Although most NAS algorithms are out of scope for this survey, we include the work by Lu et al. (2020), as it can be considered an HPO algorithm. The algorithm (NSGANetV2) simultaneously optimizes the architectural hyperparameters and the model weights of a CNN, using a bi-level approach consisting of NSGA-II combined with a metamodel. The metamodel is used to estimate performance measures, which are then optimized by an evolutionary algorithm (such approaches have also been applied successfully to non-HPO settings, see e.g., Jin 2011; Dutta and Gandomi 2020). In the upper level of the optimization, the metamodel is built using an initial set of candidate solutions. In each iteration of the upper level, NSGA-II is executed on the metamodel to detect the Pareto-optimal HP settings (configuration of layers, channels, kernel size, and input resolution of the CNN). At the lower level, the weights of the CNN are trained on a subset of the Pareto-optimal solutions. The metamodel is then updated with the results of the actual performance evaluations. Four different metamodels were studied; Multilayer Perceptron (MLP), Classification and Regression Trees (CART), Radial Basis Functions (RBF), and GP. Given that none of them consistently outperformed the others, the authors propose to select the best metamodel in every iteration. On standard datasets (CIFAR-10, CIFAR-100, and ImageNet), the resulting algorithm matches the performance of state-of-the-art NAS algorithms ( et al. 2019; Mei et al. 2020), but at a reduced search cost.
5 Multi-objective HPO algorithms: pros and cons
In this section, we discuss the weakness and strengths of the different algorithms.
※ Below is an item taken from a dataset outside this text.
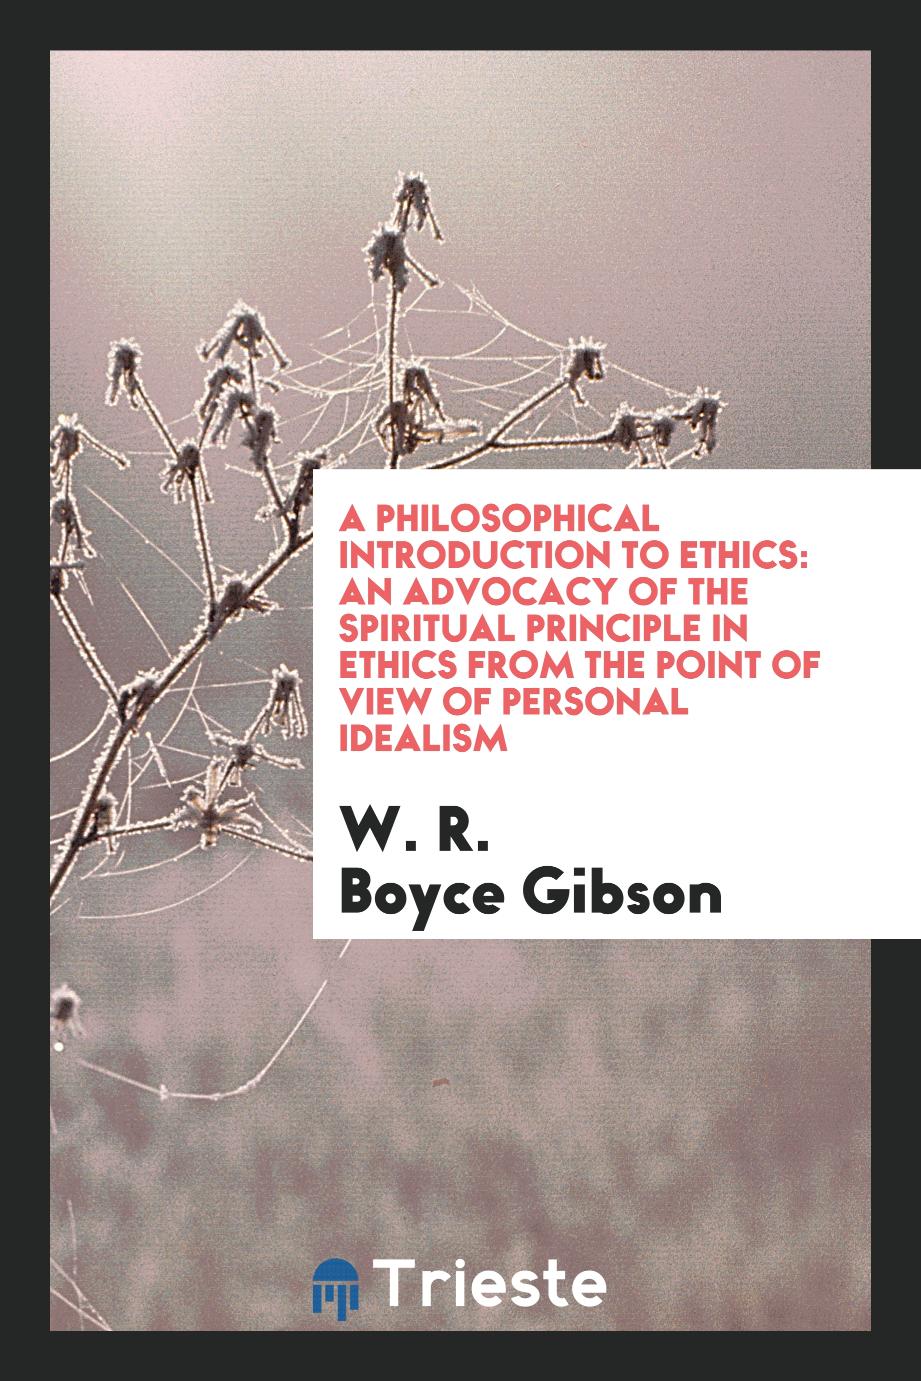 A philosophical introduction to ethics: an advocacy of the spiritual principle in ethics from the point of view of personal idealism

We focus on four different aspects: (1) the computational complexity of the algorithm, (2) the ability to accommodate high dimensional input spaces, (3) the ability to handle mixed input spaces, and (4) the ease of use of parallel computations. Unfortunately, none of the papers studied in this review provides explicit details on these aspects in the publication. In general, we often observed a surprising lack of detail with respect to many methodological aspects (such as the nature of the hyperparameters being optimized, the nature of the genetic operators and the design of the initial population in metaheuristic-based algorithms, the design of experiments used, the final Pareto-optimal solutions provided by the algorithm, etc.). In many cases, there is even no pseudocode provided for the algorithm, and detailed descriptions of novel metrics (if any) used to measure the performance of the target ML algorithm are lacking. This lack of detail is likely caused by the fact that most papers aim to solve a particular practical application and the hyperparameter optimization was usually not seen as the main contribution of the paper.
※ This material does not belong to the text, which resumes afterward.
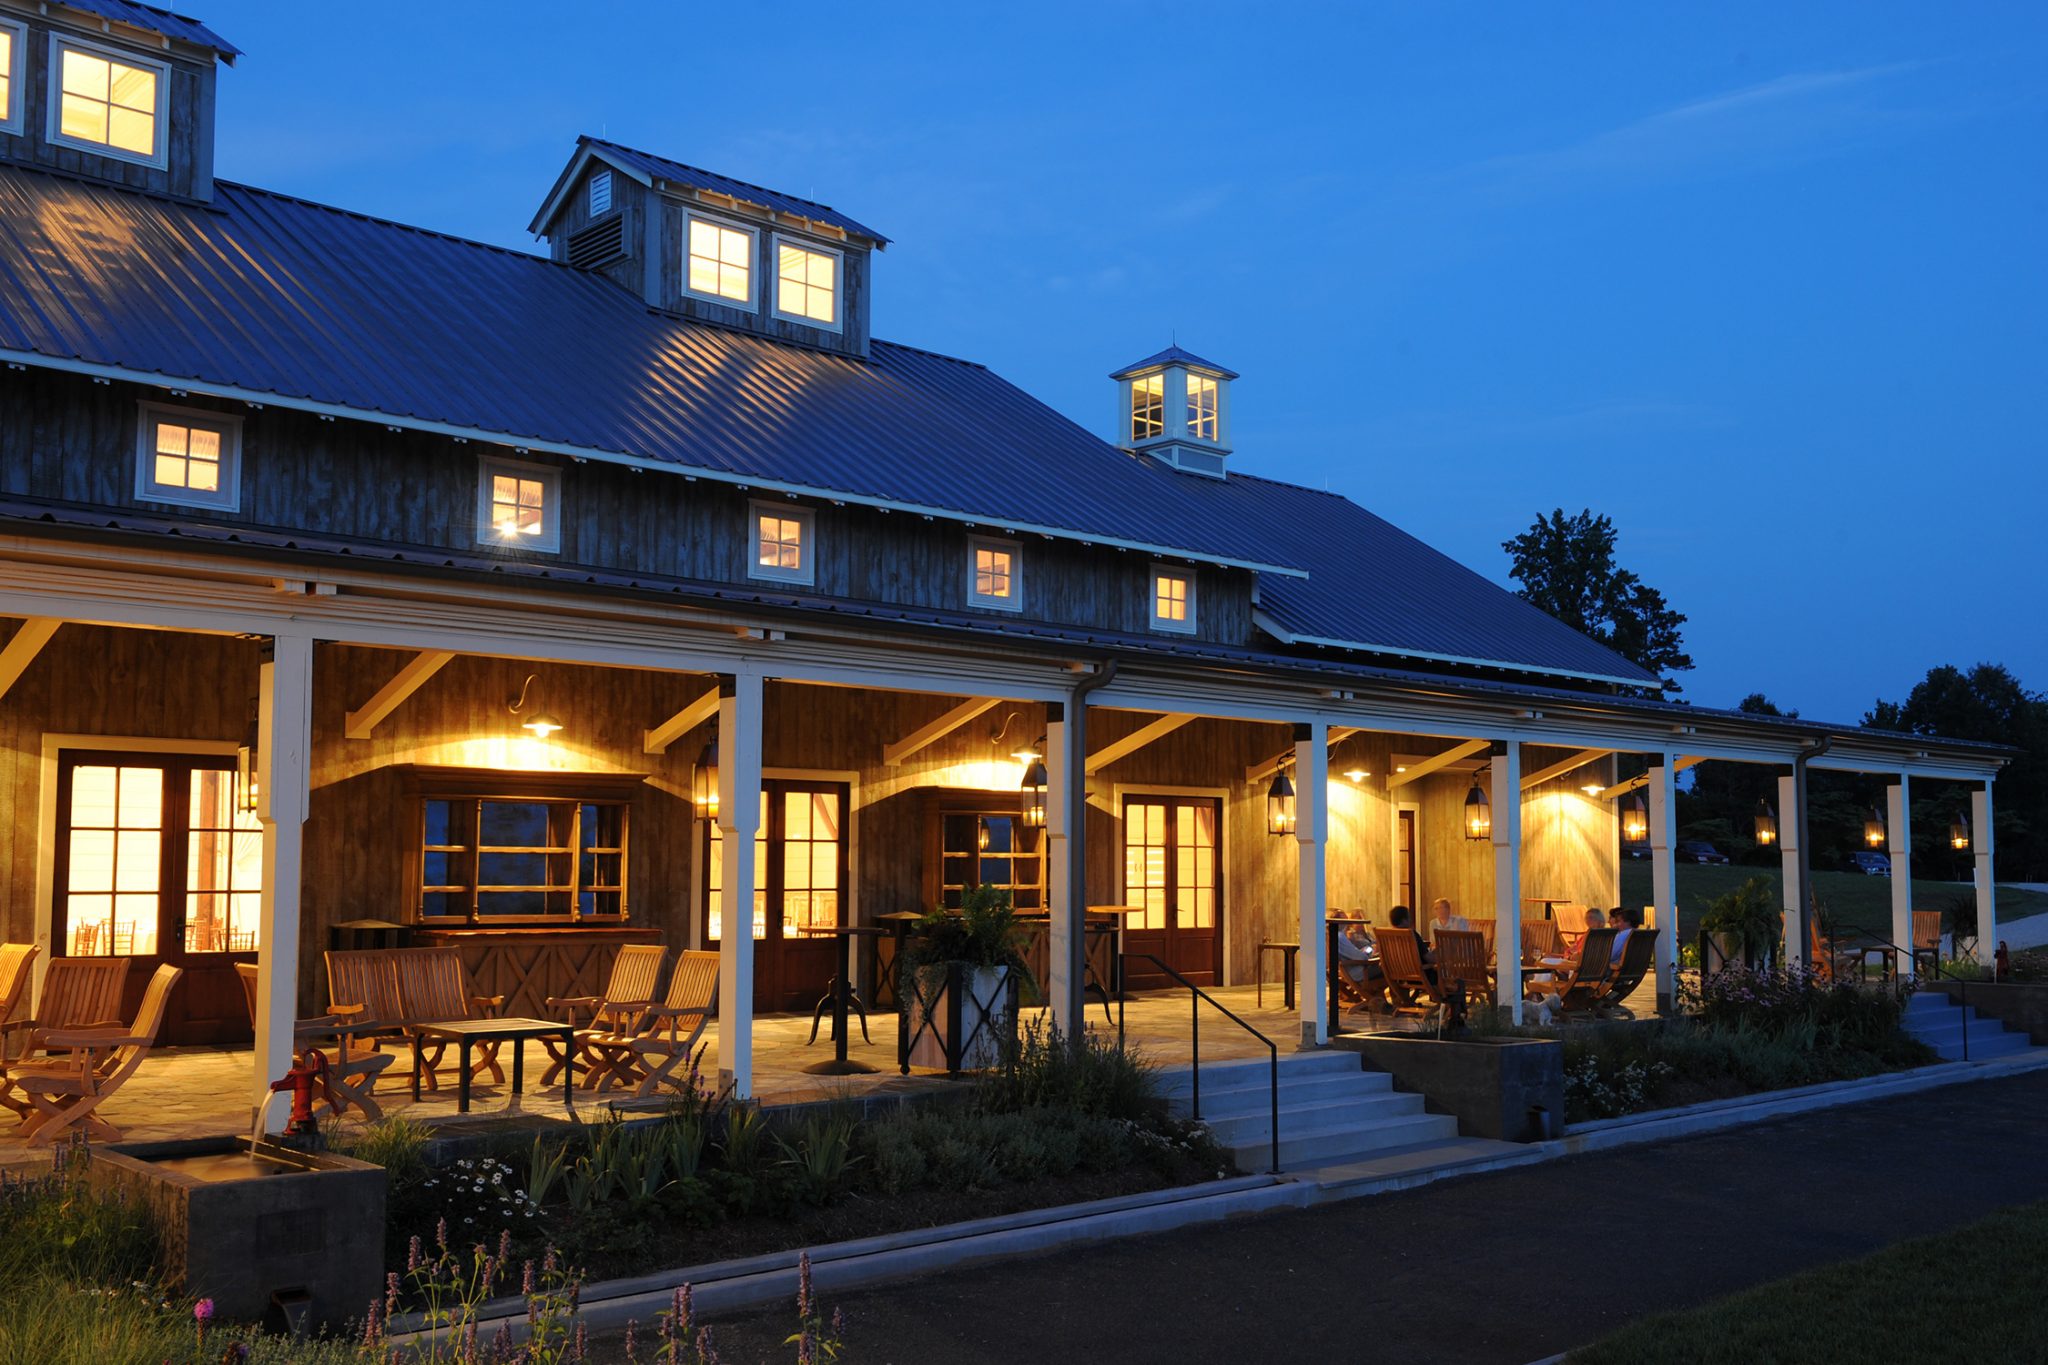 Pippin Hill Farm & Winery At Night

Consequently, the discussion in this section remains quite general, and relies largely on the results of our own independent research, based on the information found in methodological papers for the algorithms considered. This information also allowed us to outline rough pseudocodes of the algorithms (which are presented in Appendix 1). Although we emphasize (again) that these pseudocodes do not necessarily reflect the accurate details of the algorithms, we find them helpful, in particular, to estimate the complexity of the algorithms. For black-box algorithms, this complexity can be measured by means of their worst-case expected running time (Doerr 2020). The running time (or optimization time of an algorithm for a function f is defined as the number of function evaluations that the algorithm performs until (and including) the evaluation of an optimal solution for f. For HPO algorithms, the running time is largely proportional to the number of training and validation steps performed, as these are the most expensive steps in the HPO procedure. The training and validation steps need to be performed for each HPO configuration studied by the HPO algorithm. Consequently, in what follows, we propose to use the (worst-case) number of HPO configurations evaluated by the algorithm as a proxy for the algorithm’s expected worst-case running time. The result is expressed as a function g(n, I, N), which is influenced by three parameters: (1) the number of initial HP configurations n required to start the optimization (e.g., the size of the initial population in evolutionary algorithms, or the size of a Latin hypercube sample for Bayesian optimization), (2) the number of iterations I allowed during the search, and (3) the number of new HPO configurations N generated per iteration. Table summarizes the results of our analysis.
Clearly, the number of costly function evaluations in a typical metamodel10-based optimization is much lower than in a metaheuristic-based algorithm, as usually only a single new solution is evaluated in each iteration. MADE, the metaheuristic-based algorithm by Pathak et al. (2020), can be particularly expensive, as it performs a chaotic local search to generate N additional solutions for each solution present in the population of a given iteration. However, using a metamodel to reduce the number of HP configurations that need to be evaluated does not ensure a lower execution time. For instance, the hybrid algorithm GP + GA_Parsimony (Sanz-García et al. 2015) tries to optimize both hyperparameters and features used to train the ML model; the running time remains high, however, as the feature selection is performed in a separate phase after the HPO has been performed: this leads to a drastic increase in the number of HP configurations evaluated, compared with other algorithms such as NSGA-II and GP-based optimization.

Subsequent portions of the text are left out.